Cent fois oui


«Ne fais pas l'enfant !». Cette injonction que l'on entend dans Cent culottes et sans papiers pourrait servir de sous-titre à l'excellent texte de Sylvain Levey, auteur souvent (et justement) primé. C'est que l'enfance n'est pas une sinécure, surtout lorsqu'on a la malchance de naître durant les heures sombres d'un vingtième siècle peu épargné par la folie des hommes. En à peine plus d'une heure, pas moins de vingt-neuf histoires se déroulent sous les yeux des spectateurs (dès 8 ans) qui voient défiler, du point de vue d'un écolier, l'histoire de France. Elle est inscrite en filigrane du quotidien de ce petit garçon qui apprend la construction grammaticale de la phrase (sur le modèle sujet-verbe-complément) via cet exemple cinglant de sa maîtresse : «ton père est collabo».

Ainsi va la vie au début des années 40 dans une petite école communale. Sur scène, trois comédiens adultes jouent à la fois des parents, des enfants, des instits', des militaires… Les rôles s'intervertissent à la vitesse de l'enchaînement des histoires ; cette folle allure donne du souffle à la pièce. Anne Courel, metteur en scène à la tête de la compagnie Ariadne, utilise avec dextérité des artifices tels que la projection d'images d'archives de l'Institut National de l'Audiovisuel (INA) des premiers congés payés ou de vidéos super 8 sur un petit mouchoir blanc que tient du bout des doigts un acteur.

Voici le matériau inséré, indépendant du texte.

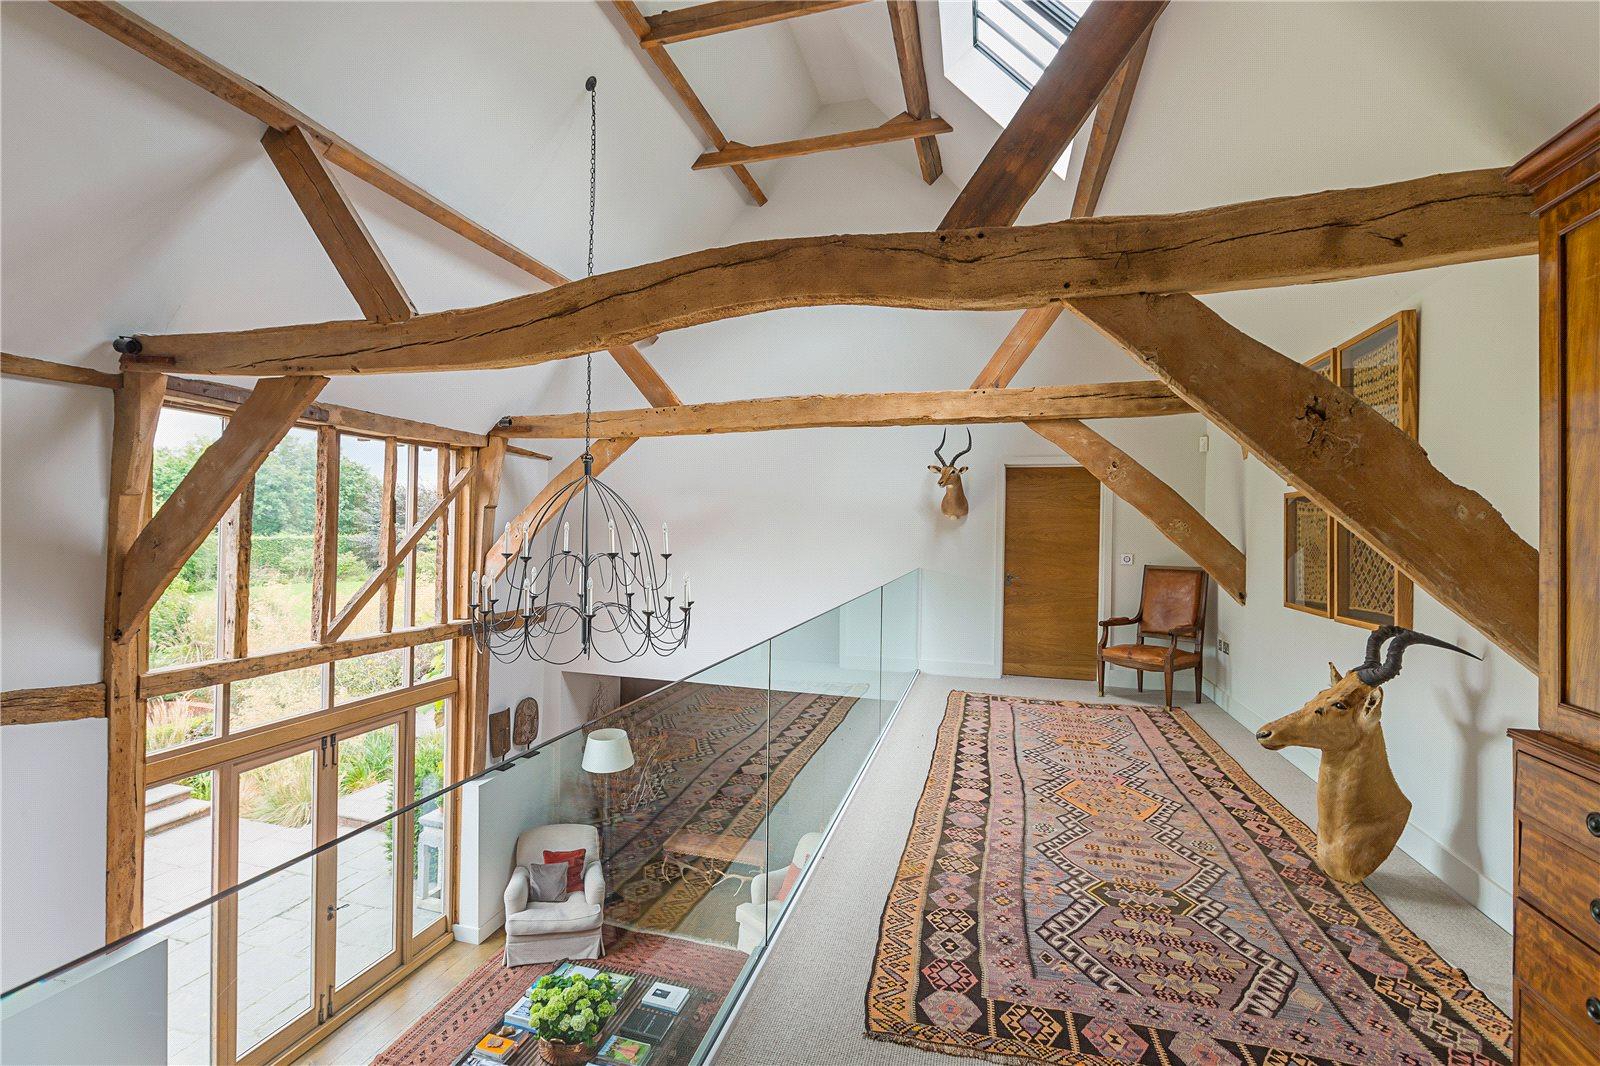 Additional photo for property listing at Three Houses Lane, Codicote, Hitchin, Hertfordshire, SG4 Hitchin, Ingiltere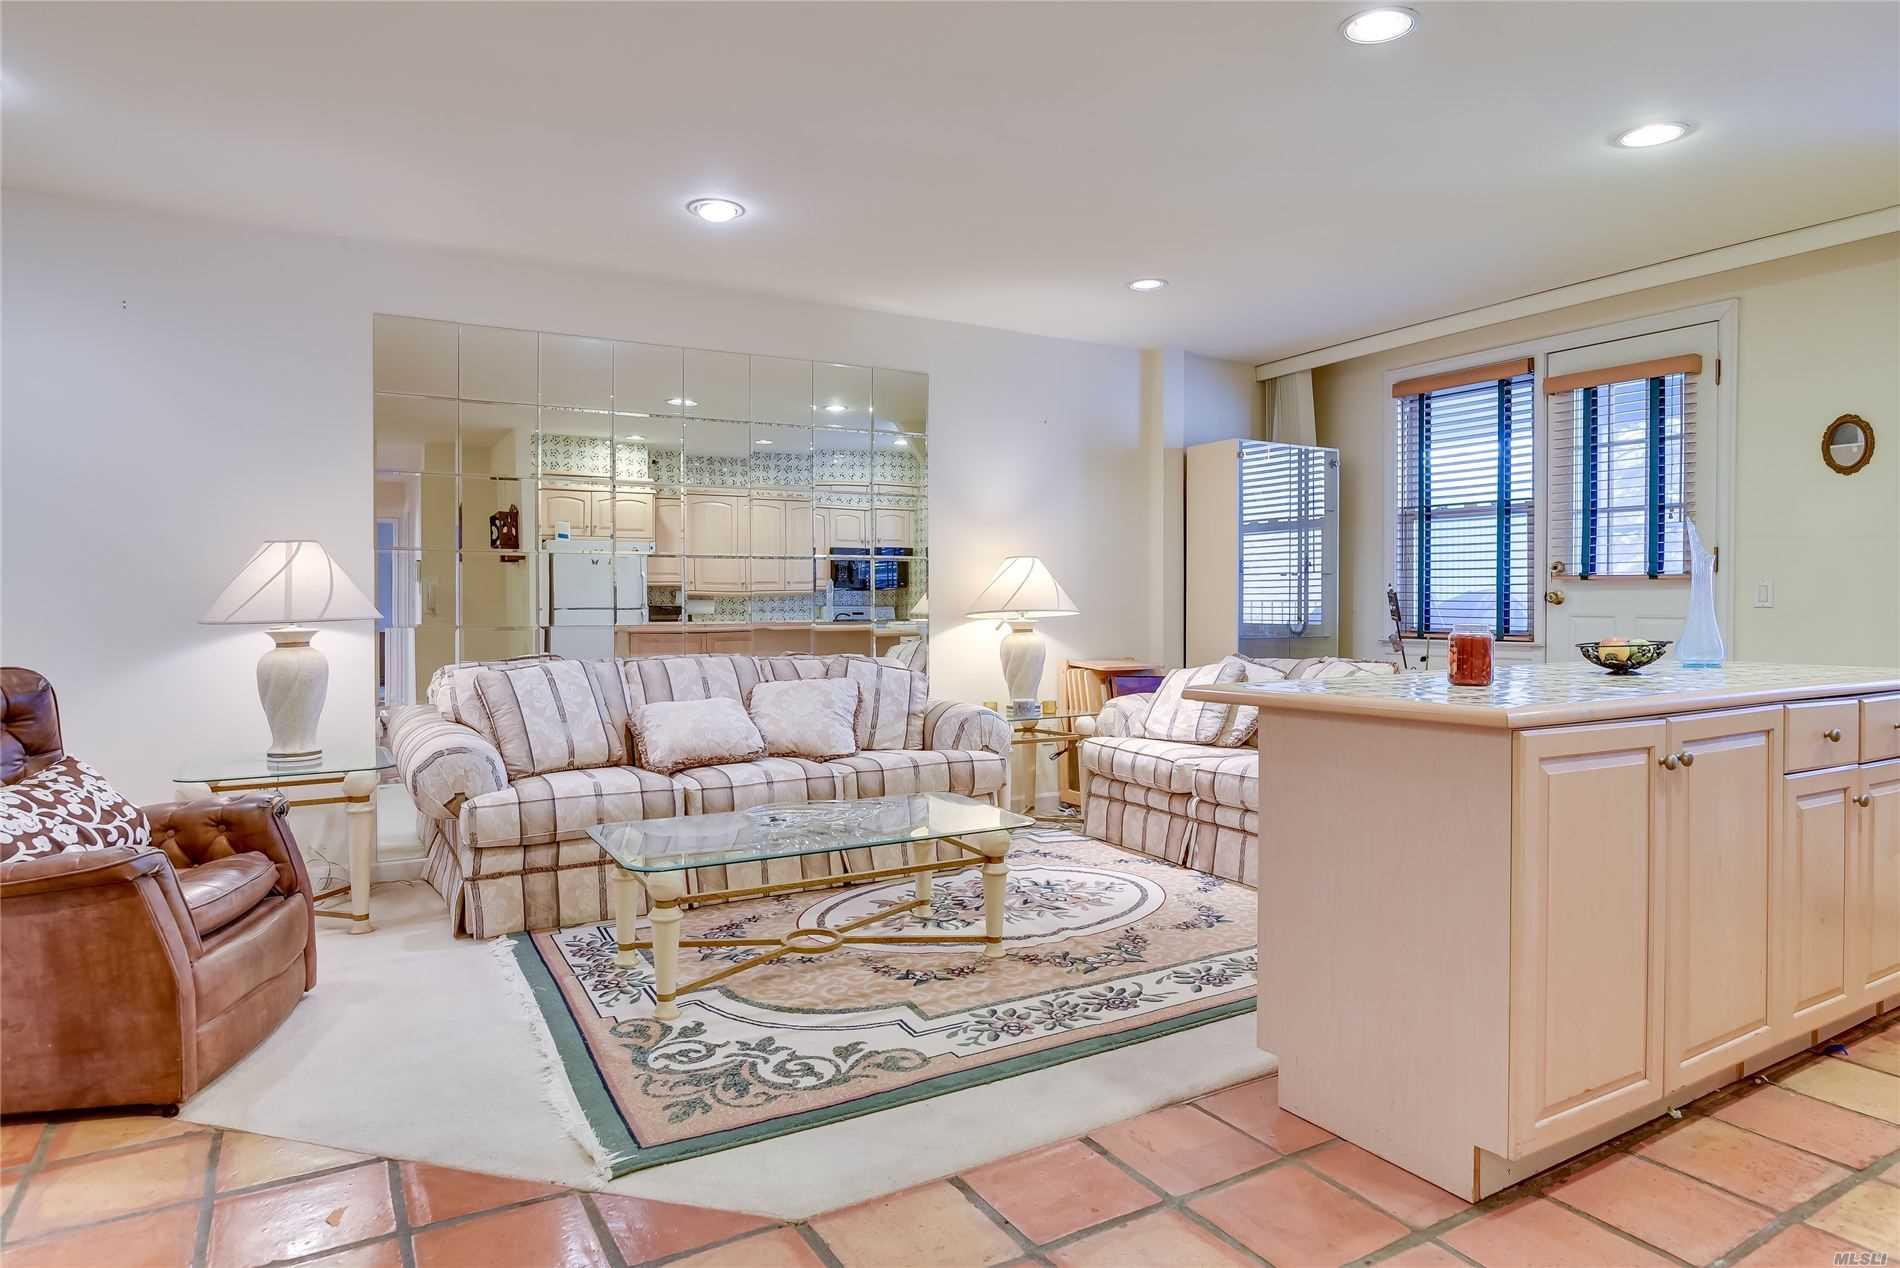 Property for sale at 570 Broadway # 32A, Lynbrook NY 11563, Lynbrook,  New York 11563

Si le spectacle s'épuise un peu en bout de course à force de vouloir évoquer un maximum de sujets très actuels (la malbouffe, l'obésité, le jeu du foulard), il n'en demeure pas moins marquant car il est émaillé de nombreuses trouvailles comme cette scène douce-amère à l'image de la pièce : l'enfant porte son étoile jaune à l'oreille comme il le ferait avec un coquillage. Il n'entend pas le ressac de la mer, mais le bruit des bottes.